• [Exercise directions]: Nothing in the data should change when you return it, but leave the pictures out.

• [Data excerpt]:

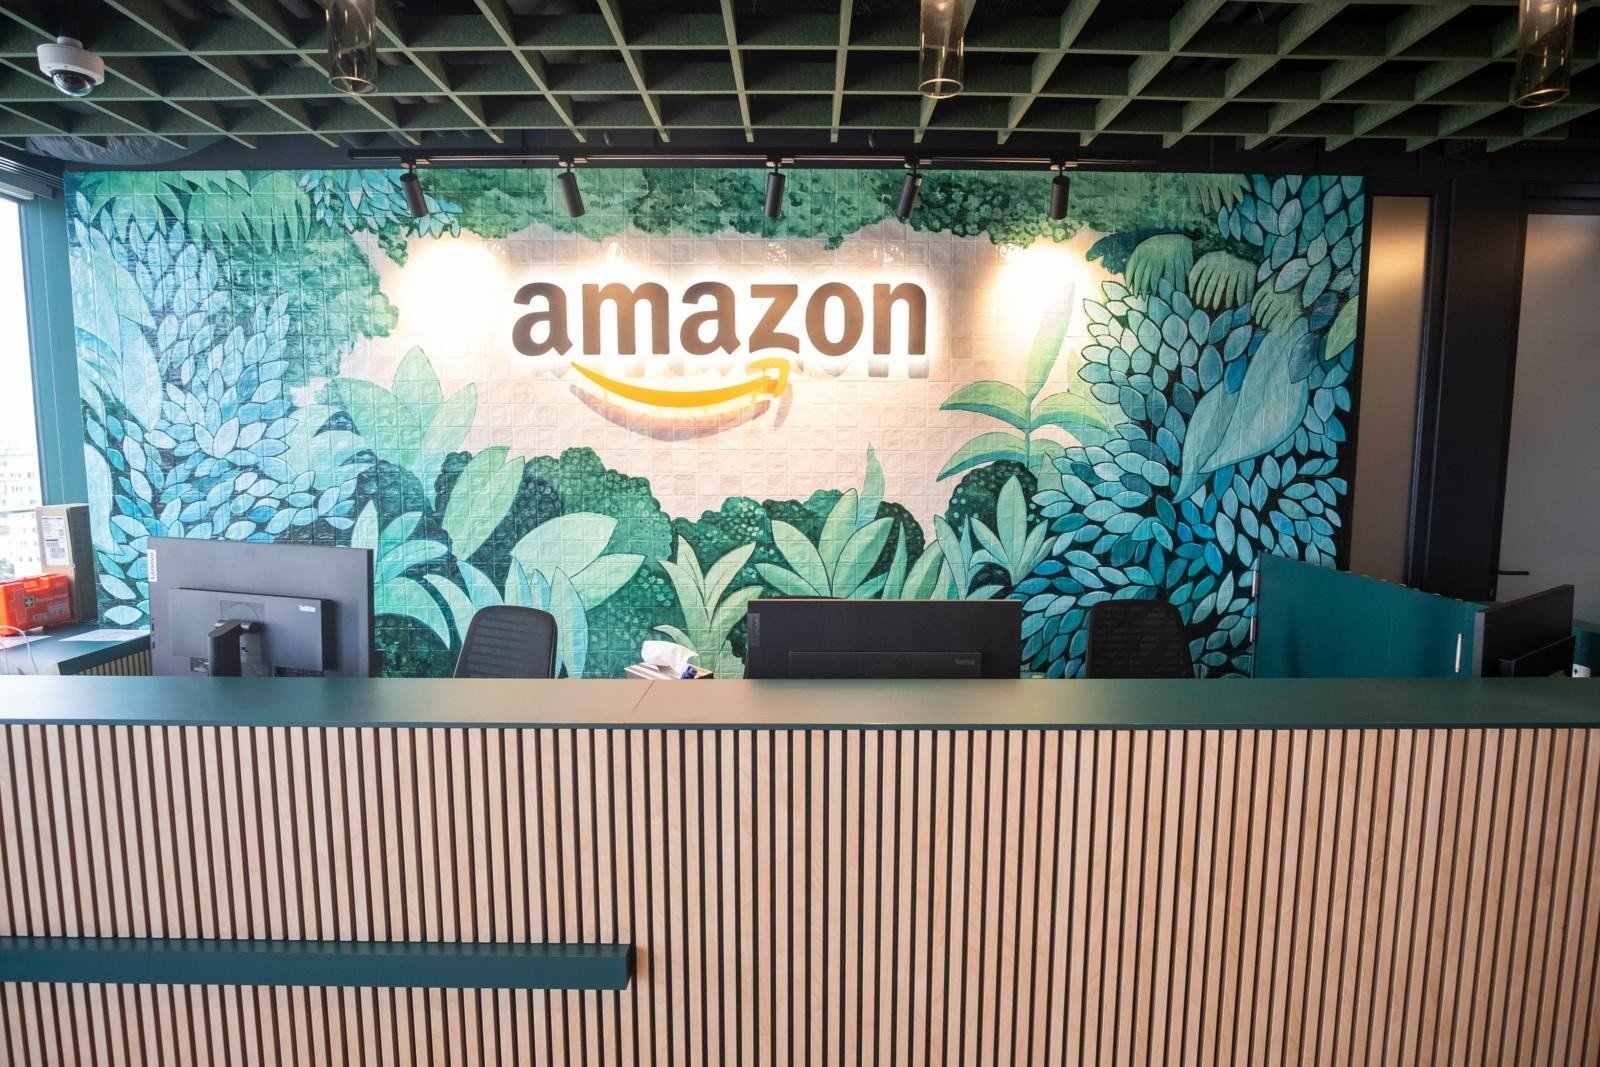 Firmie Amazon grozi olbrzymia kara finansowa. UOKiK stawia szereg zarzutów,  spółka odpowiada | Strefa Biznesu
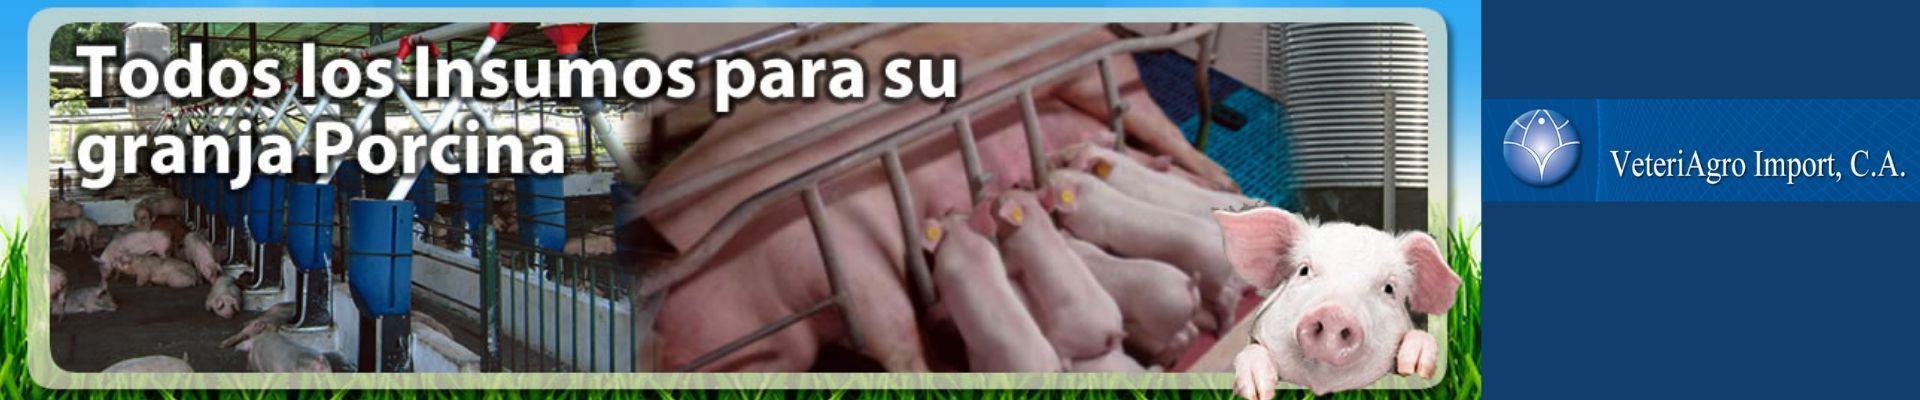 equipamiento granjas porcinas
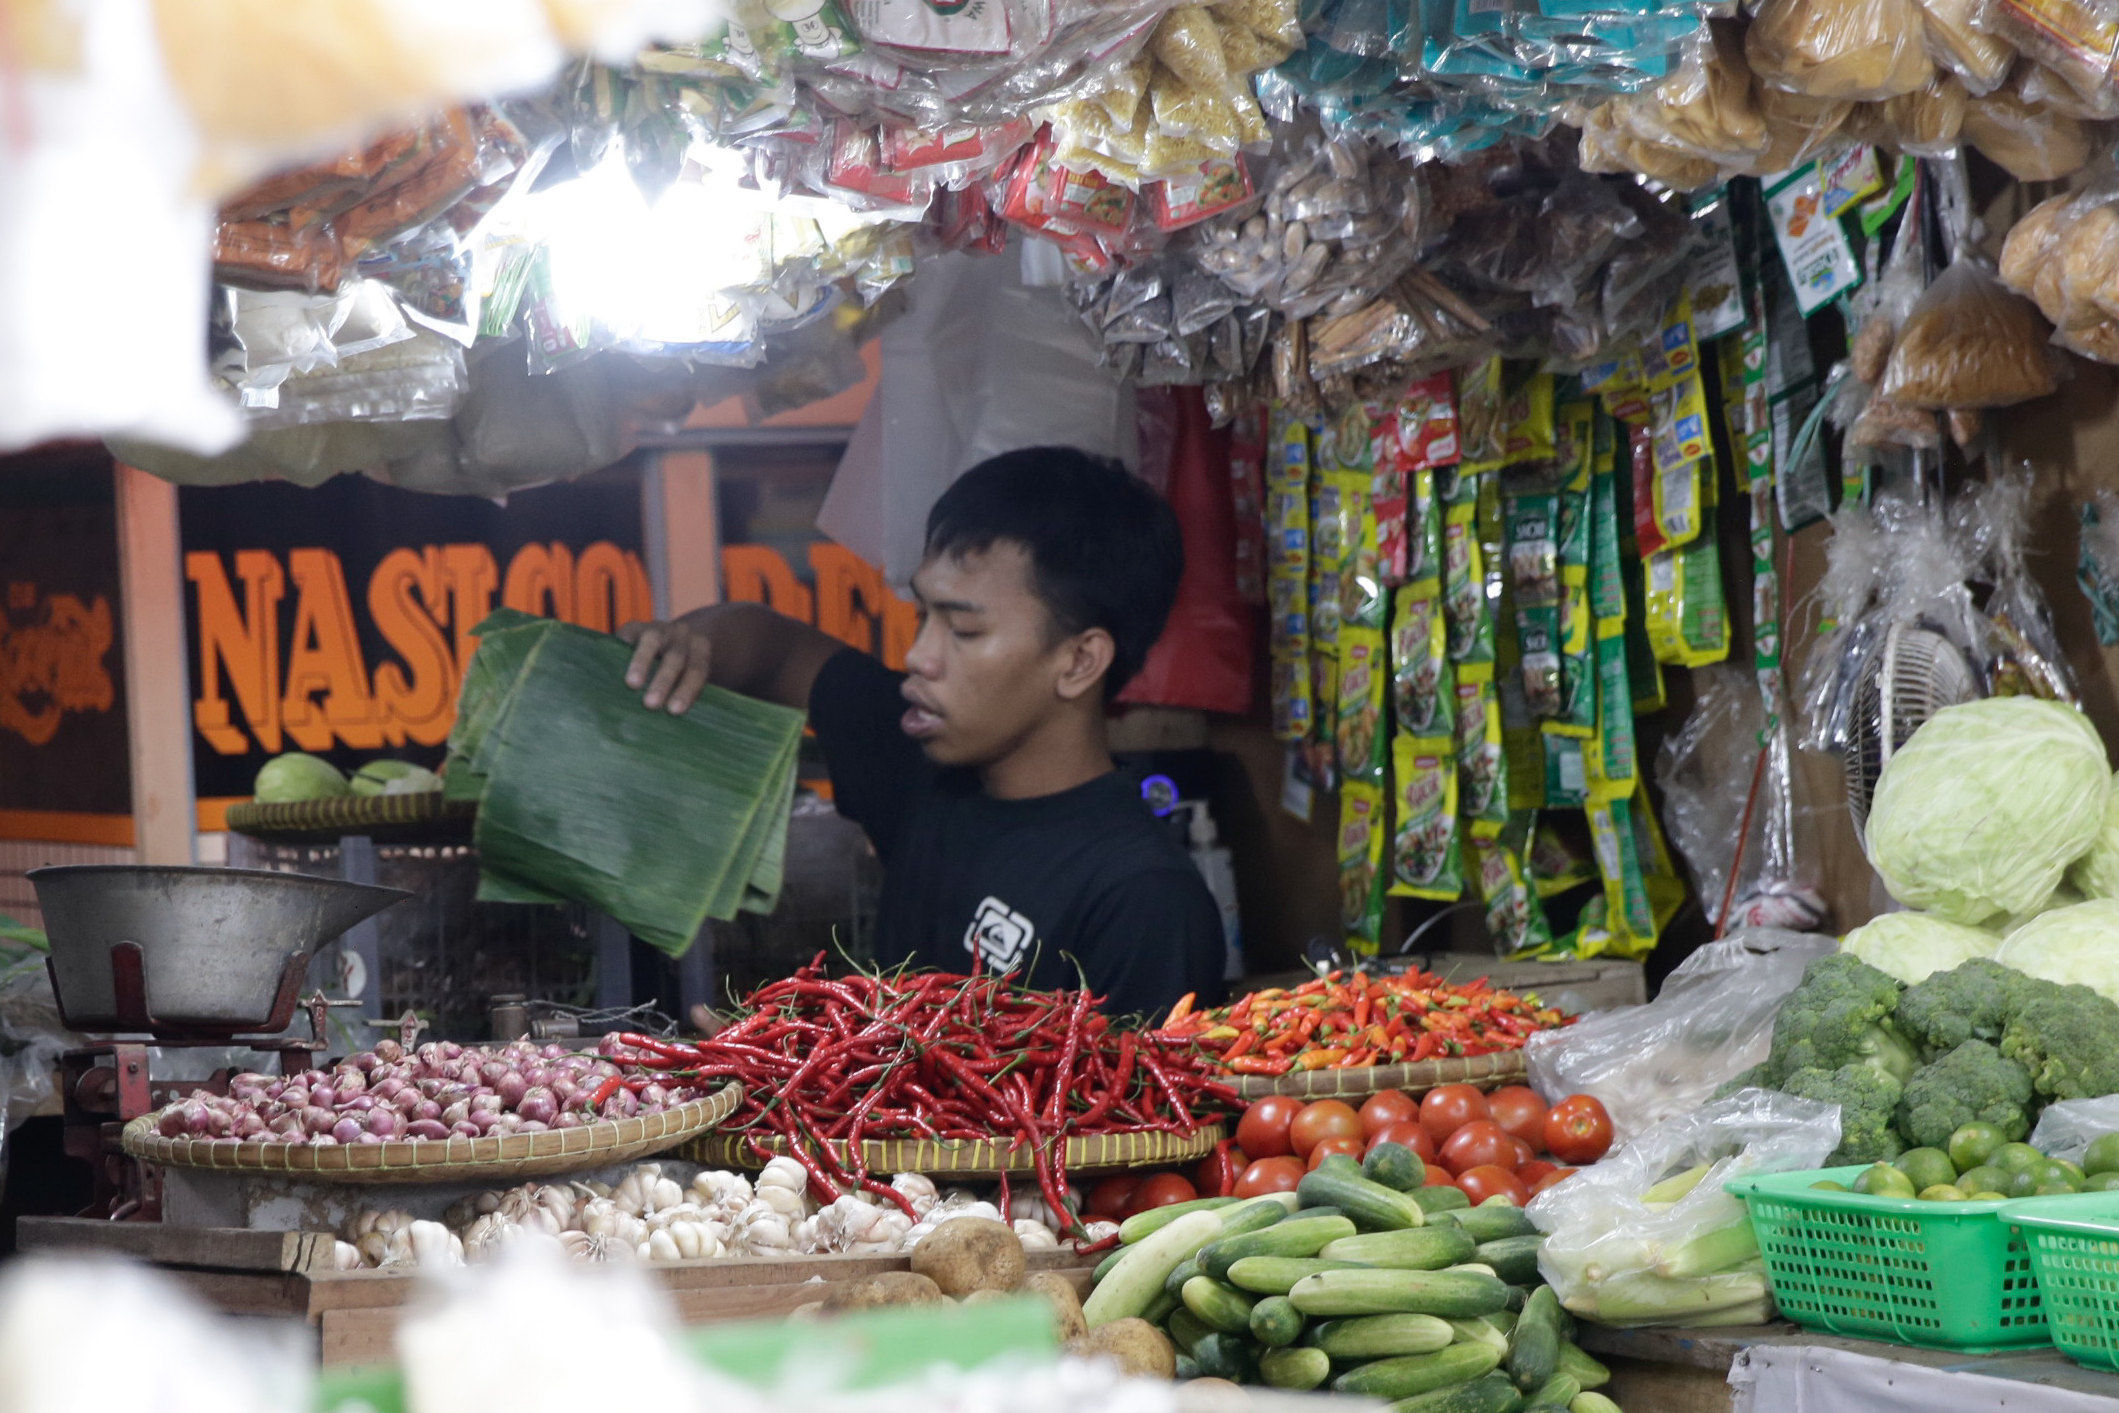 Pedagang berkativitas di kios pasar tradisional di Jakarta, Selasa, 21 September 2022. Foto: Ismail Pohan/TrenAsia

• [Reply to the task]:
 Firmie Amazon grozi olbrzymia kara finansowa. UOKiK stawia szereg zarzutów,  spółka odpowiada | Strefa Biznesu
 equipamiento granjas porcinas
 Pedagang berkativitas di kios pasar tradisional di Jakarta, Selasa, 21 September 2022. Foto: Ismail Pohan/TrenAsia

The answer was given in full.